'''

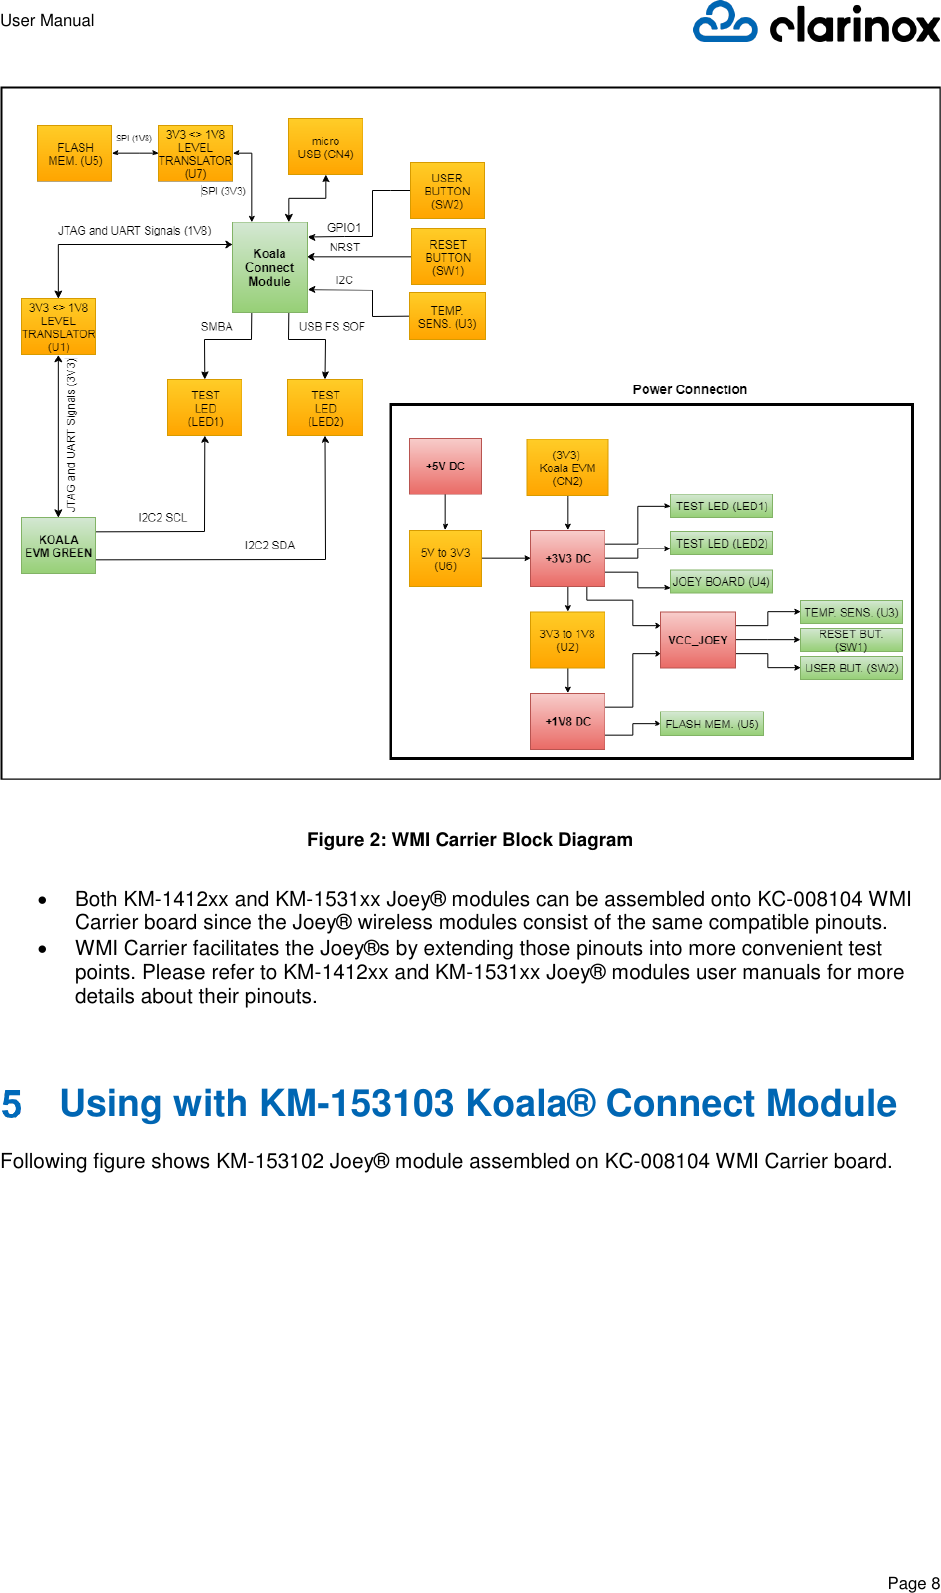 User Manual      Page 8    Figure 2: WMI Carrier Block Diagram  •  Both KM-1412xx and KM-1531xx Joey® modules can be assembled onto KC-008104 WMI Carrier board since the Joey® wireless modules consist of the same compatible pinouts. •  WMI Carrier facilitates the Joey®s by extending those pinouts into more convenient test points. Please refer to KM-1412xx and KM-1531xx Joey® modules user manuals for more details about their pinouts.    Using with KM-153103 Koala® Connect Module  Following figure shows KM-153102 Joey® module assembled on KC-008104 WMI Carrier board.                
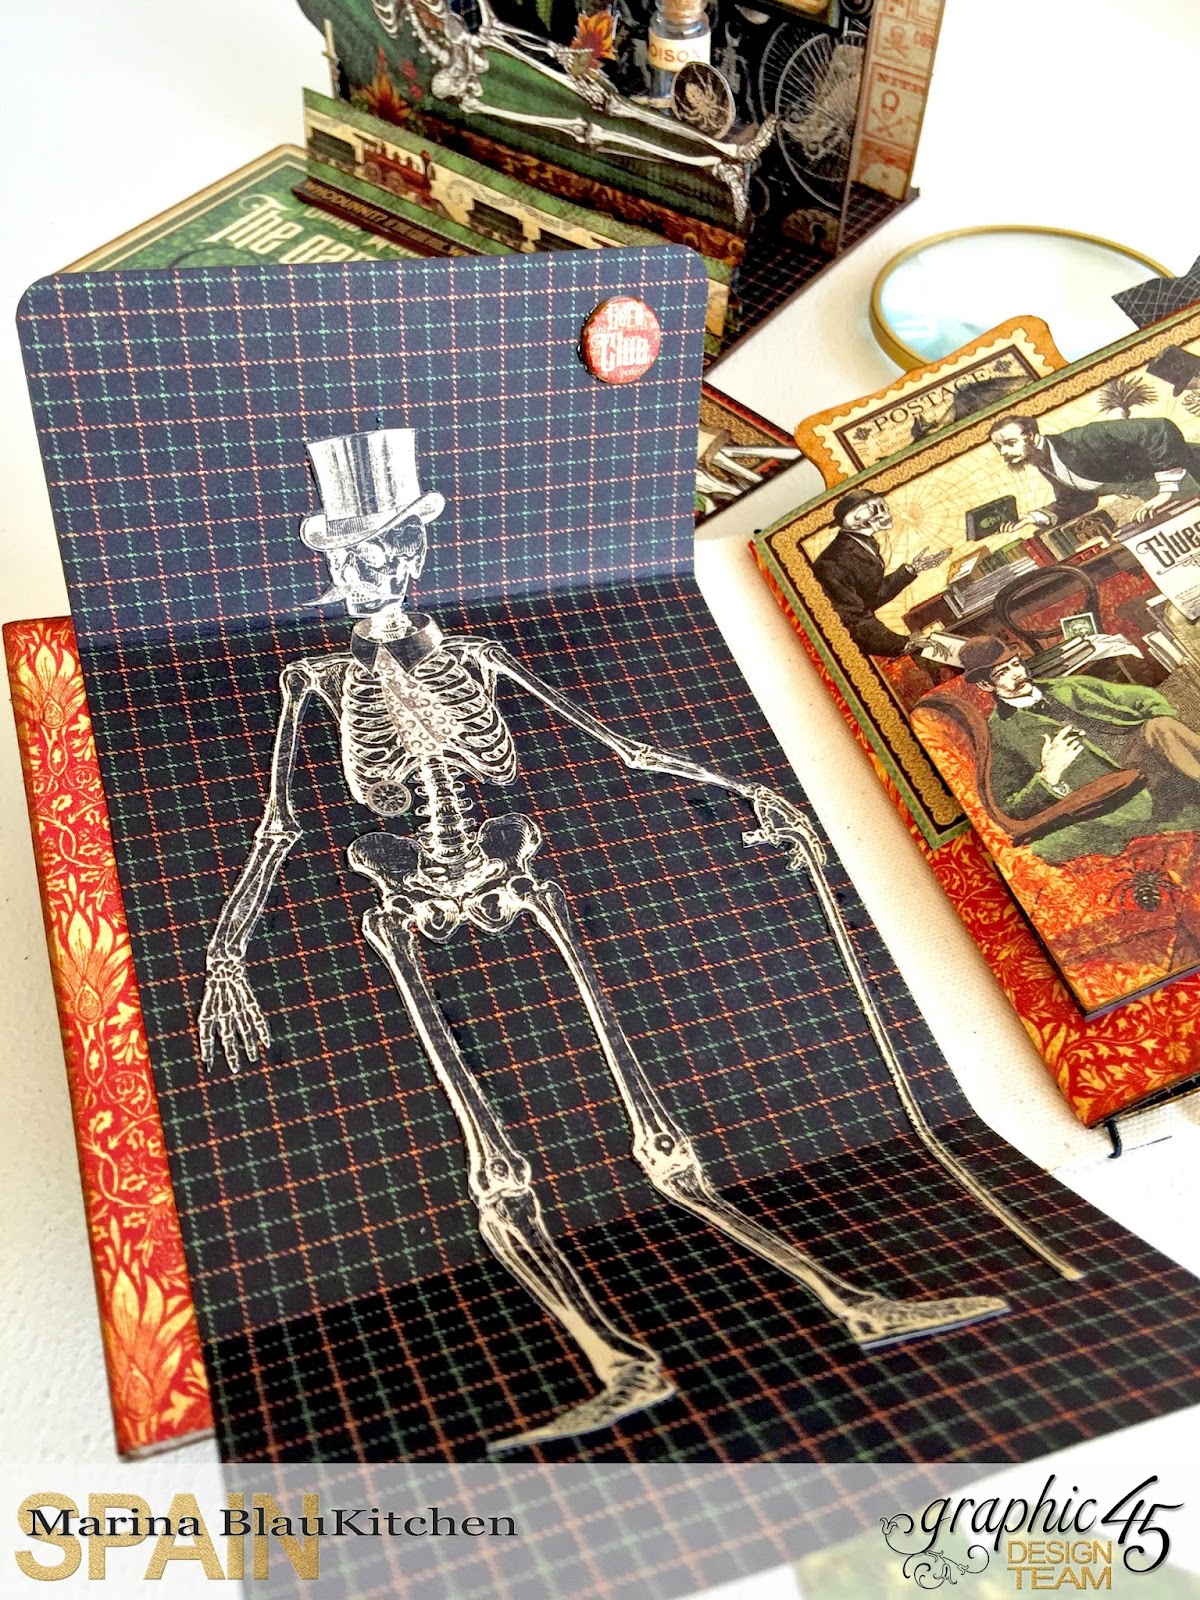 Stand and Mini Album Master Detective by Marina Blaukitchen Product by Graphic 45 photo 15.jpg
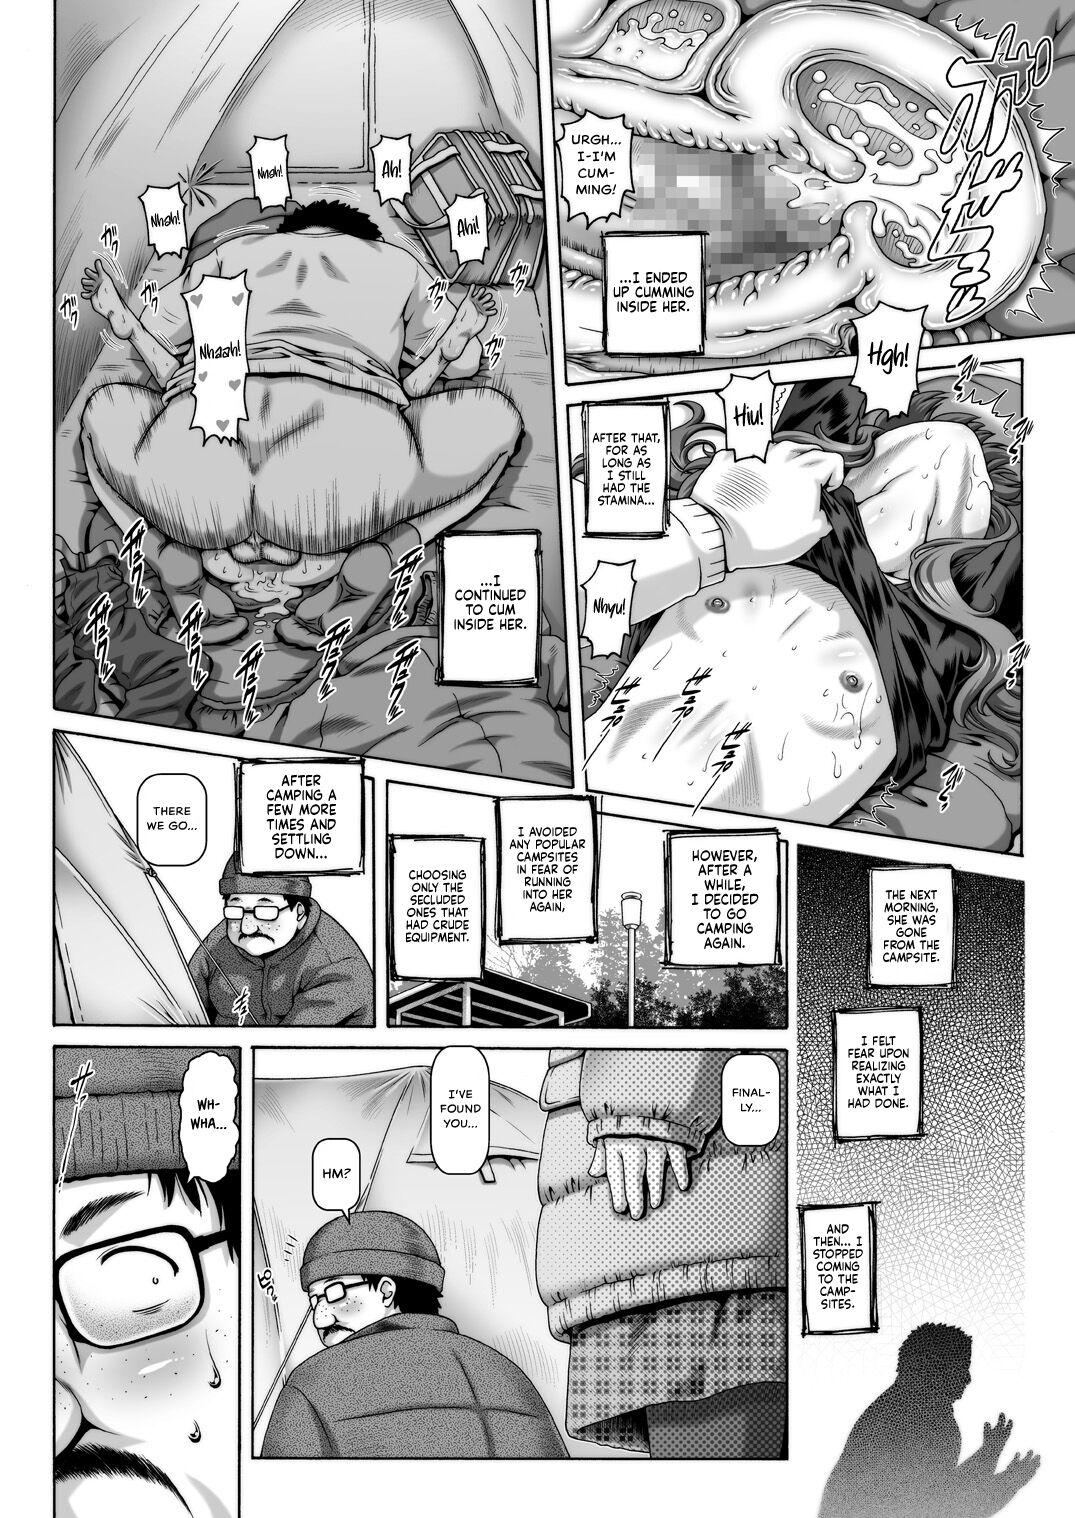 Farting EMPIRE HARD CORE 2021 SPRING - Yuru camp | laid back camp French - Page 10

'''

● PROBLEM DETAILS:
Transcribe each line above verbatim, with the pictures left out.

● EXERCISE OUTPUT:
 User Manual      Page 8    Figure 2: WMI Carrier Block Diagram  •  Both KM-1412xx and KM-1531xx Joey® modules can be assembled onto KC-008104 WMI Carrier board since the Joey® wireless modules consist of the same compatible pinouts. •  WMI Carrier facilitates the Joey®s by extending those pinouts into more convenient test points. Please refer to KM-1412xx and KM-1531xx Joey® modules user manuals for more details about their pinouts.    Using with KM-153103 Koala® Connect Module  Following figure shows KM-153102 Joey® module assembled on KC-008104 WMI Carrier board.                
 Stand and Mini Album Master Detective by Marina Blaukitchen Product by Graphic 45 photo 15.jpg
 Farting EMPIRE HARD CORE 2021 SPRING - Yuru camp | laid back camp French - Page 10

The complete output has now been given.